BEGIN Supplied data
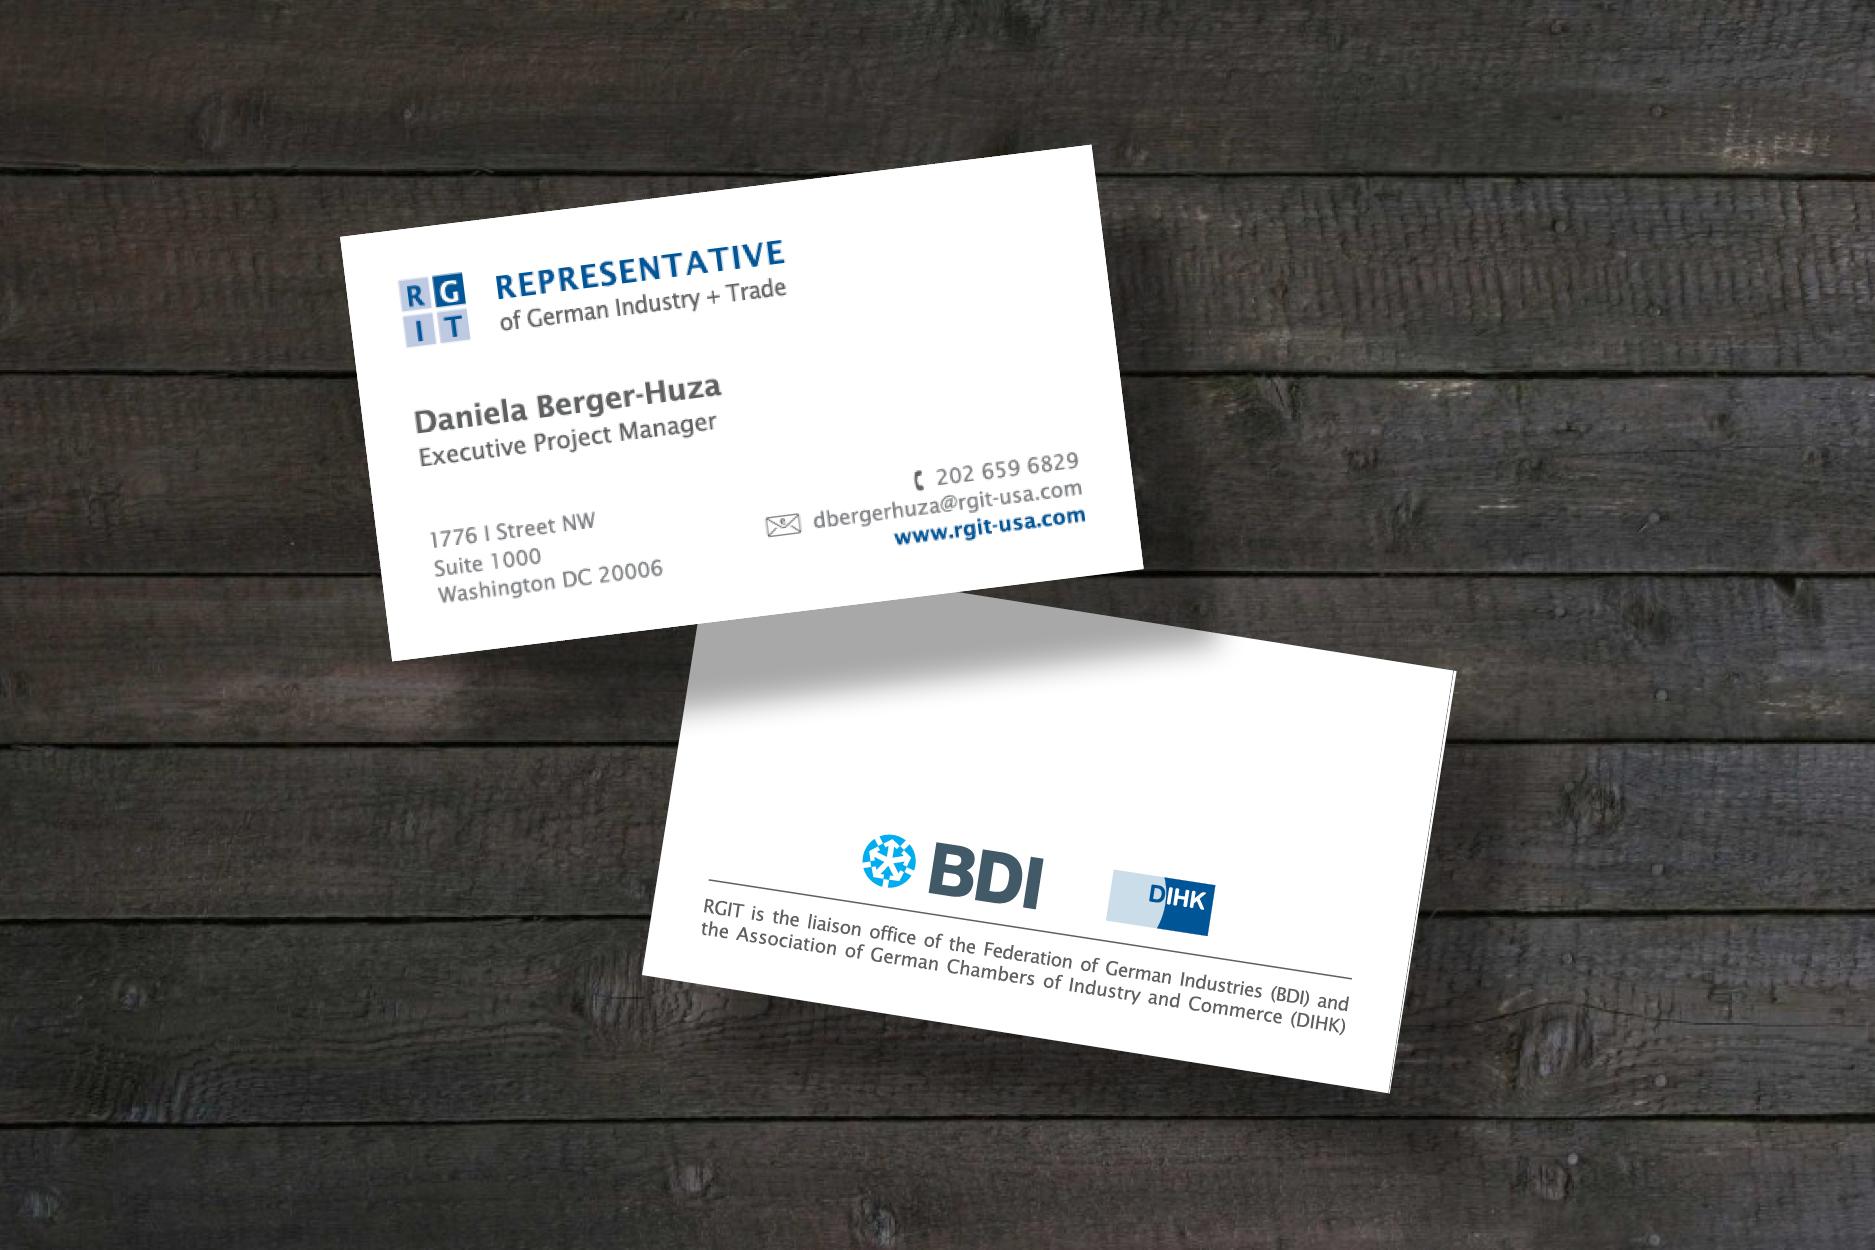 RGIT – Representative of German Industry Trade Aram Designs
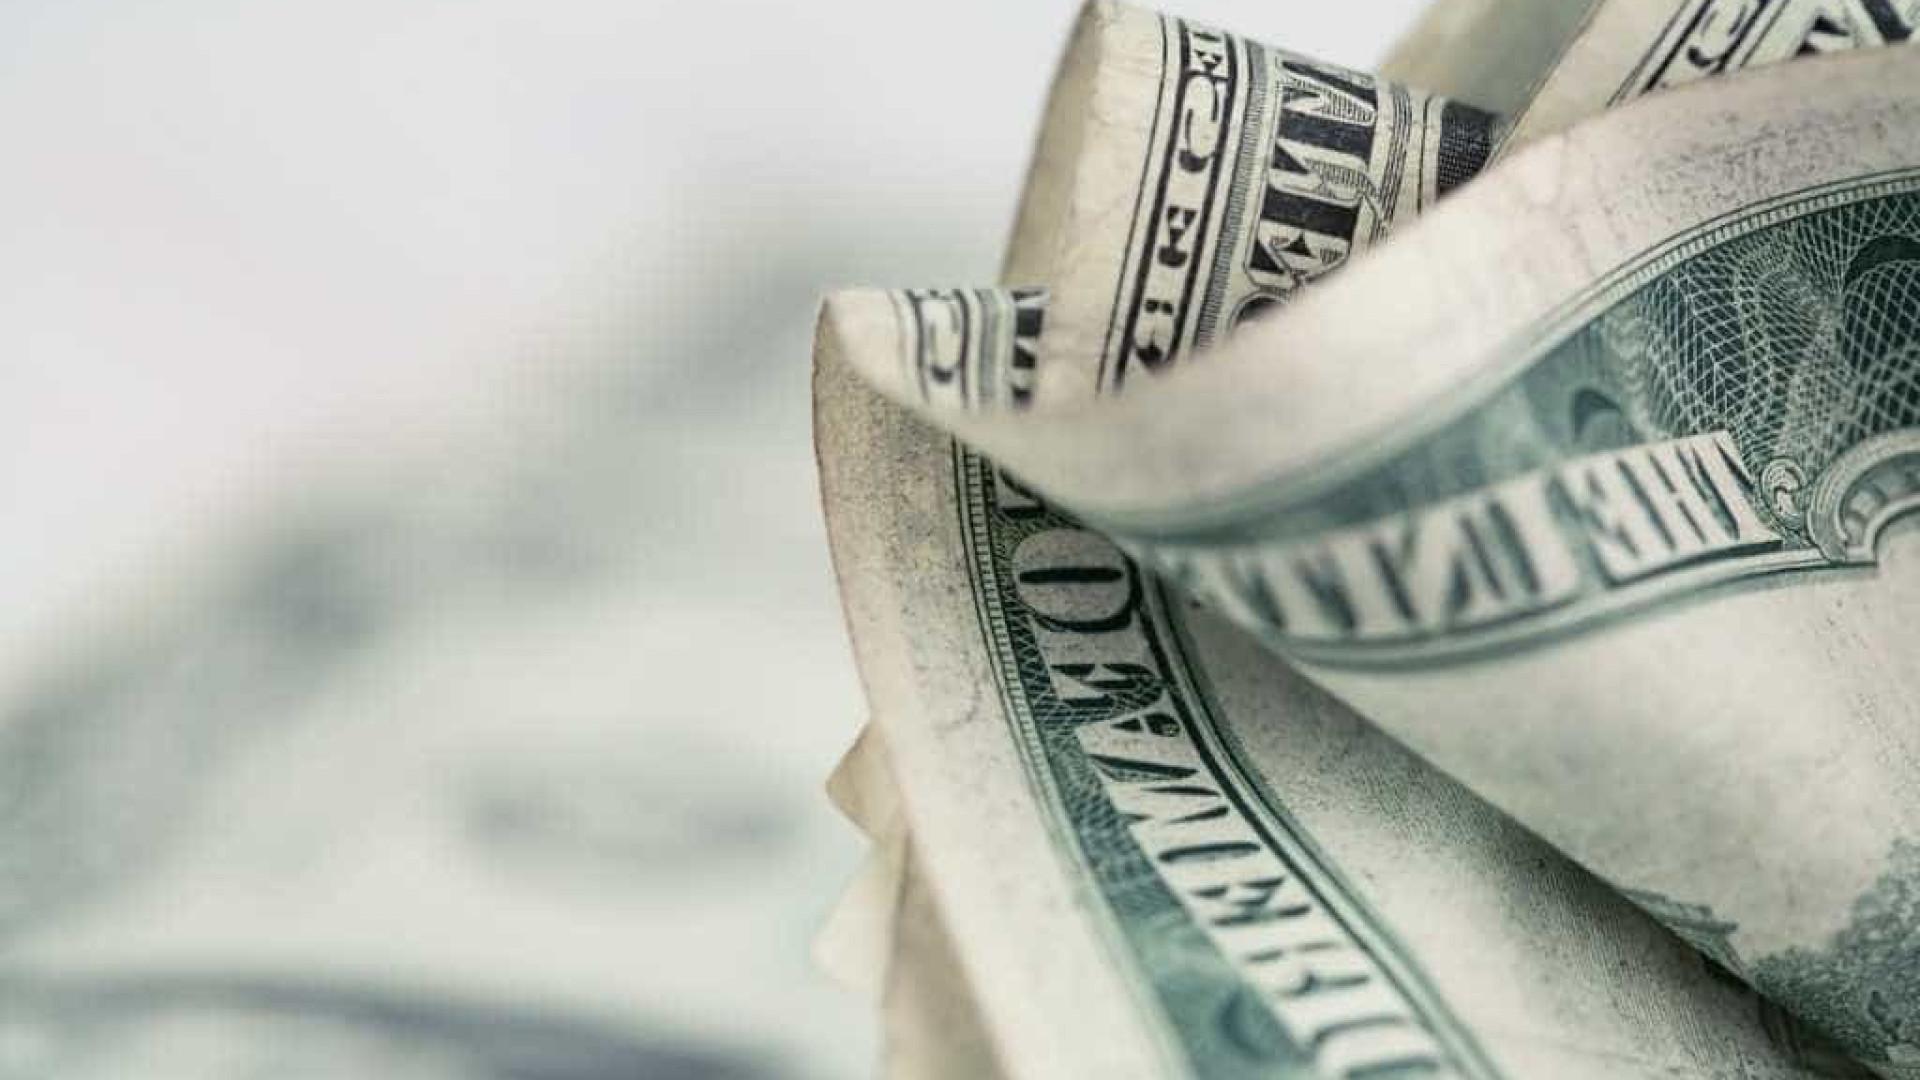 Dólar sobe e fecha a R$ 3,45, maior valor desde dezembro de 2016
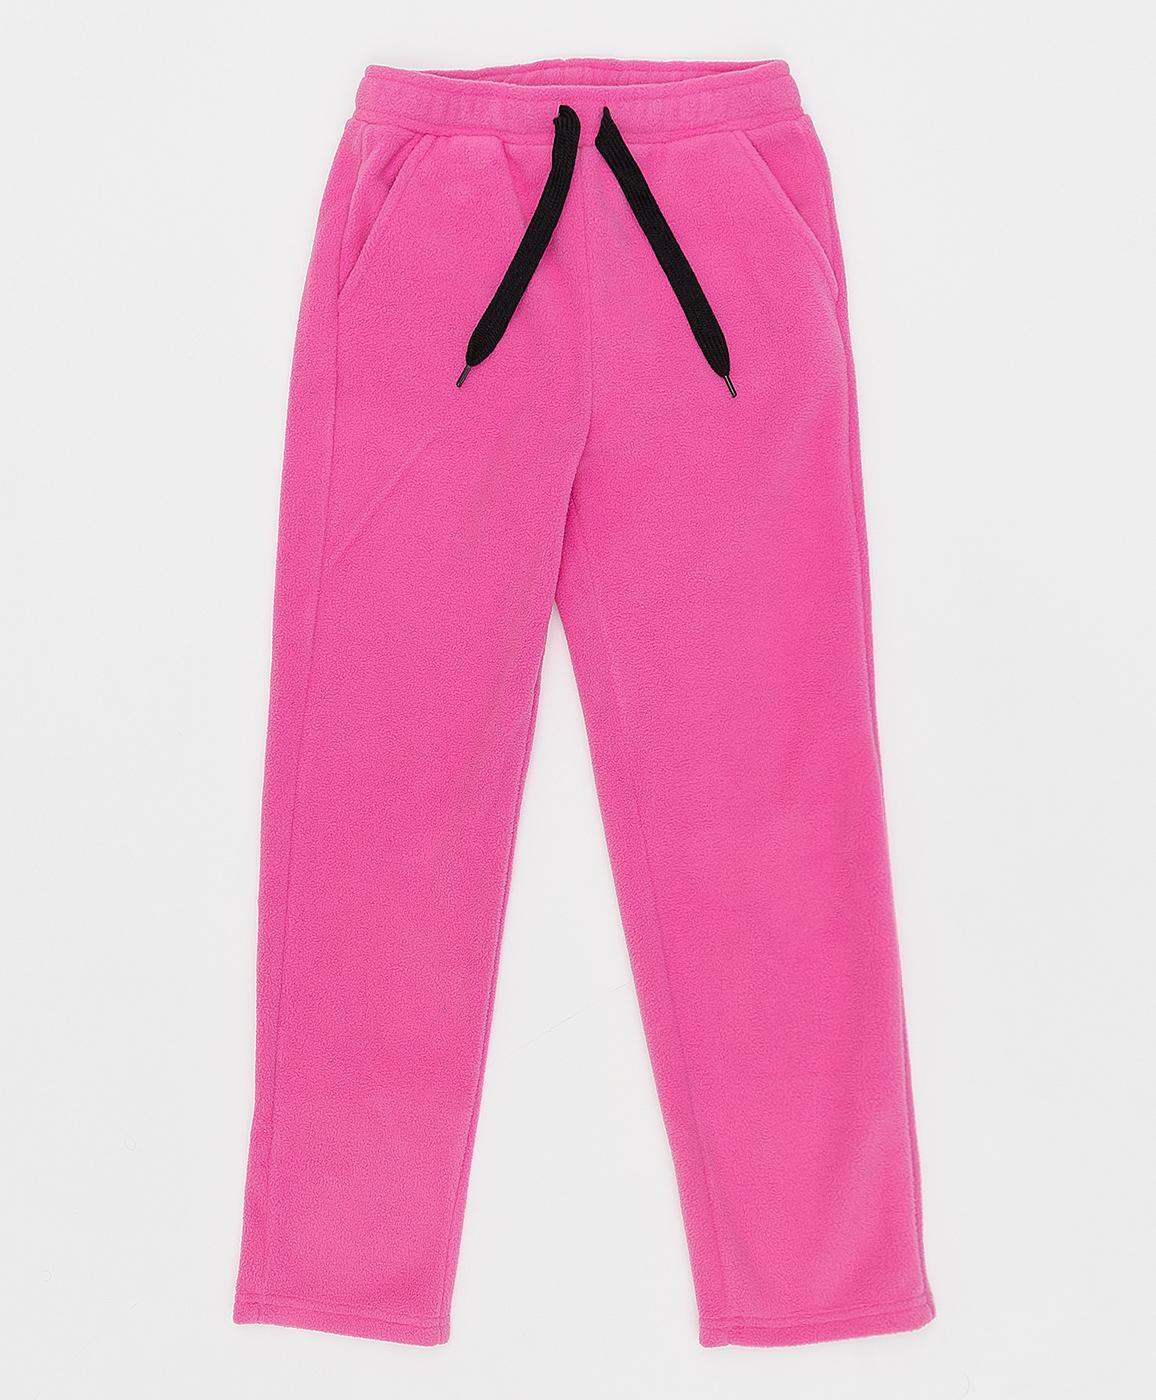 Купить 220BBGA56011200, Розовые флисовые брюки Button Blue, розовый, 146, Флис, Женский, Зима, ОСЕНЬ/ЗИМА 2020-2021 (shop: GulliverMarket Gulliver Market)
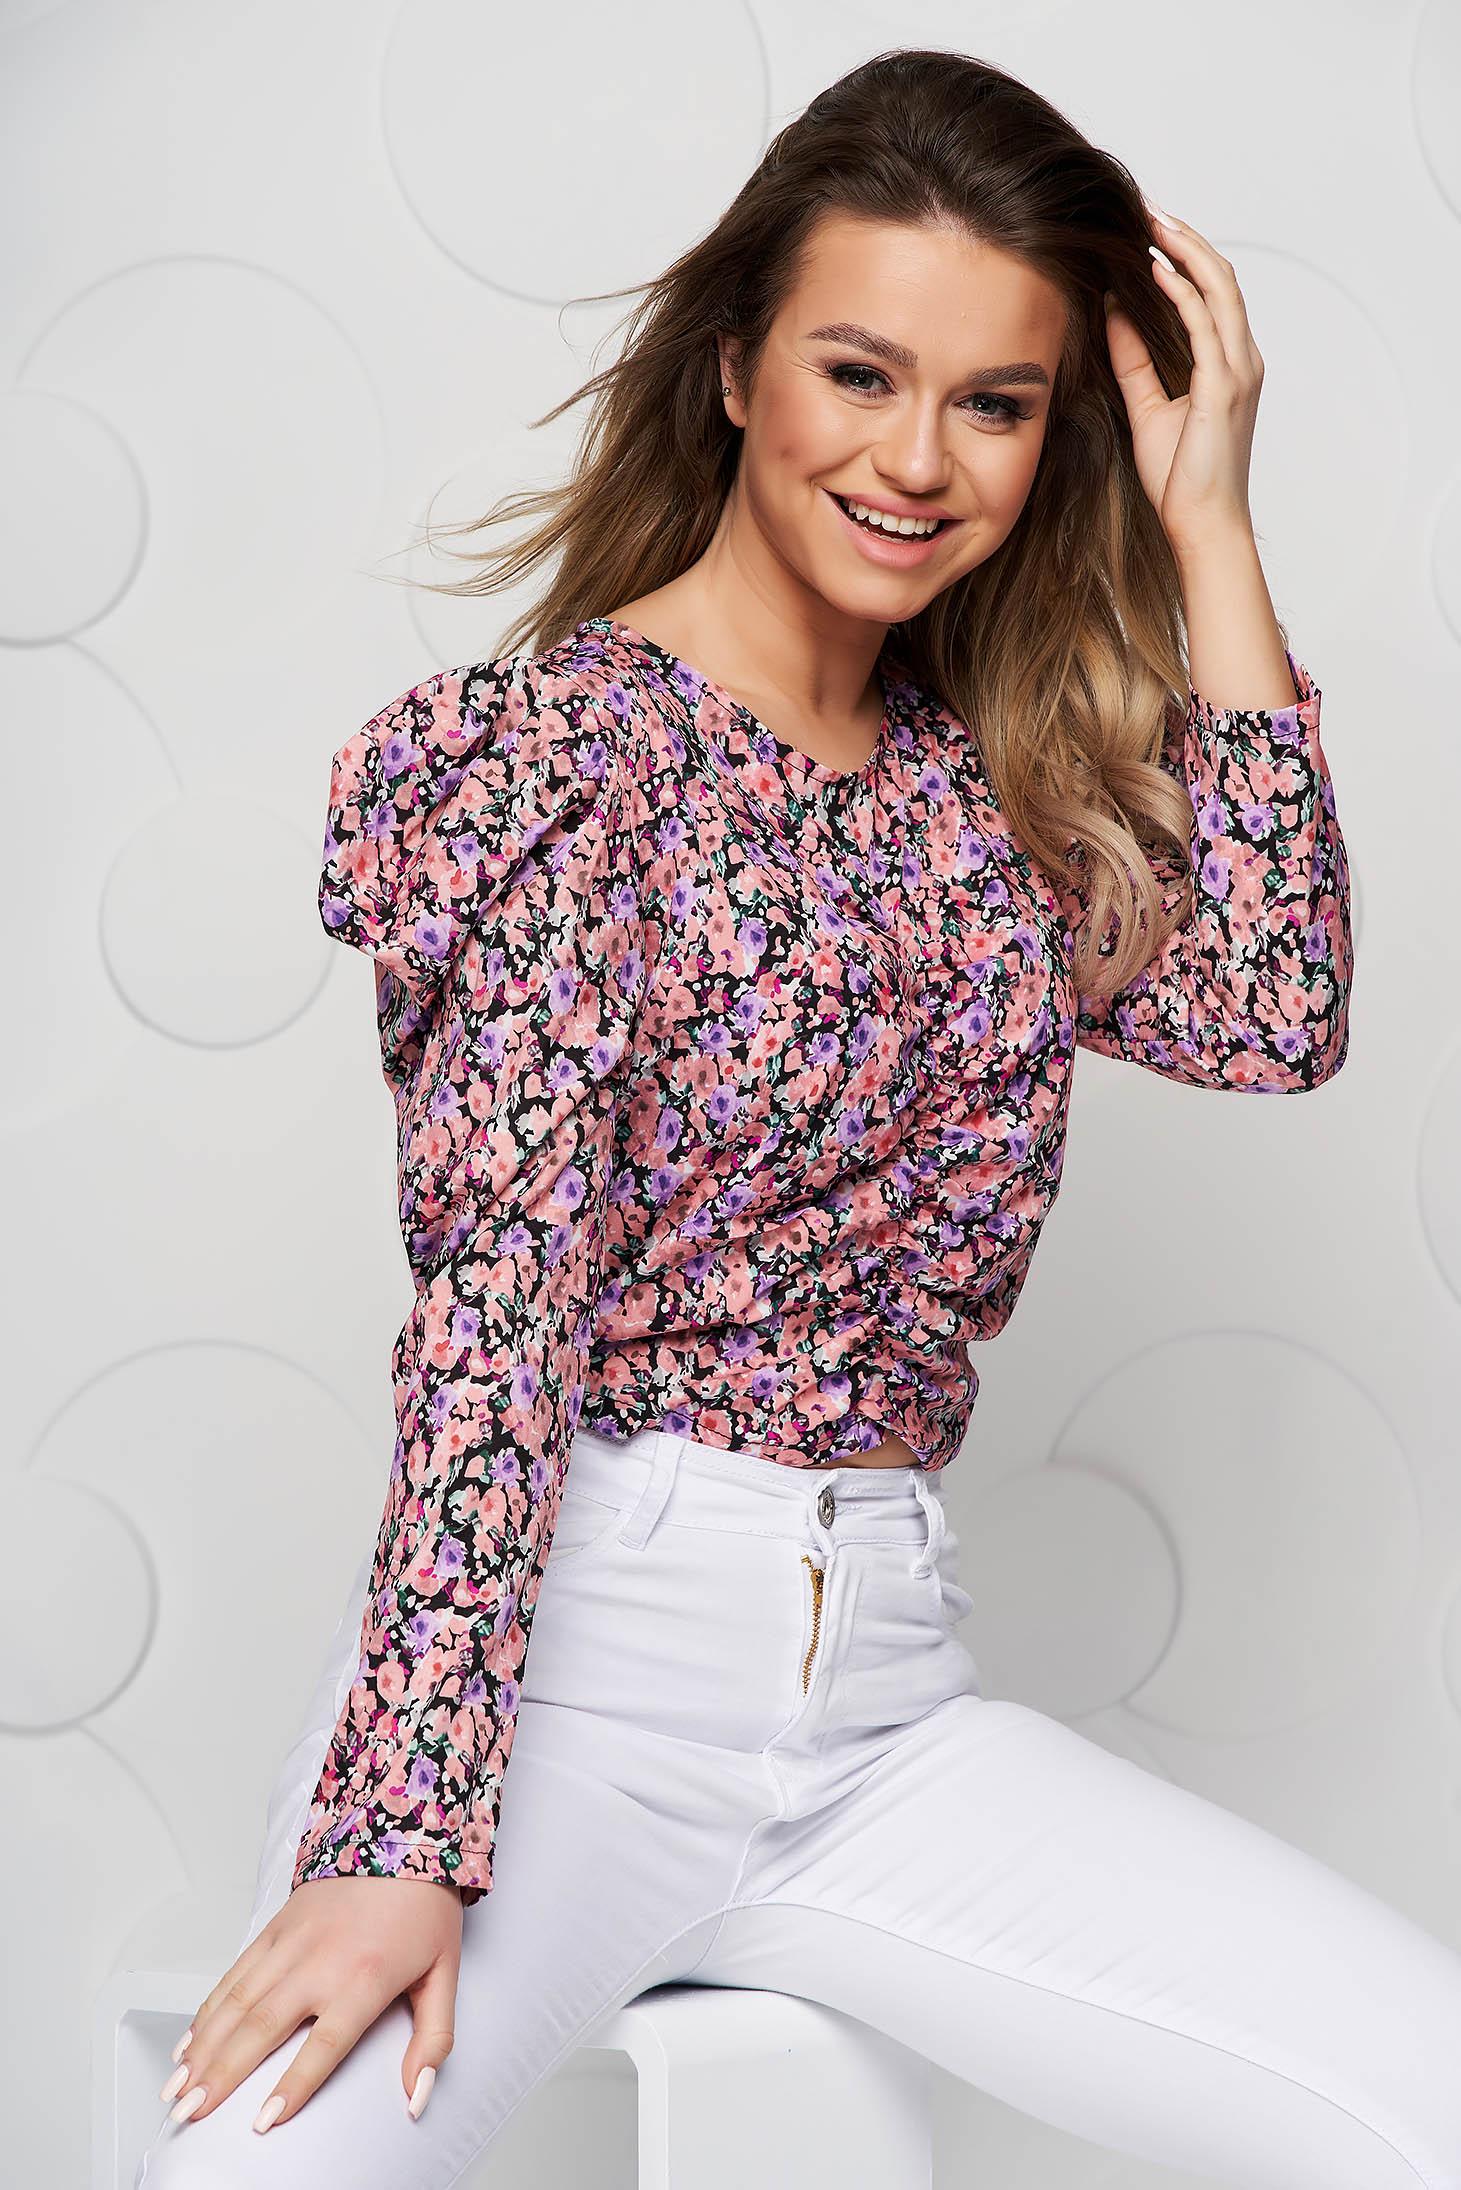 Bluza dama SunShine roz cu imprimeu floral mulata cu material incretit si umeri cu volum
END Supplied data
Find the line containing "Купить 220BBGA56011200, Розовые", then extract it and every line after it to the end of the data above, exactly and nothing else, without pictures.

### Exercise result
 Купить 220BBGA56011200, Розовые флисовые брюки Button Blue, розовый, 146, Флис, Женский, Зима, ОСЕНЬ/ЗИМА 2020-2021 (shop: GulliverMarket Gulliver Market)
 Bluza dama SunShine roz cu imprimeu floral mulata cu material incretit si umeri cu volum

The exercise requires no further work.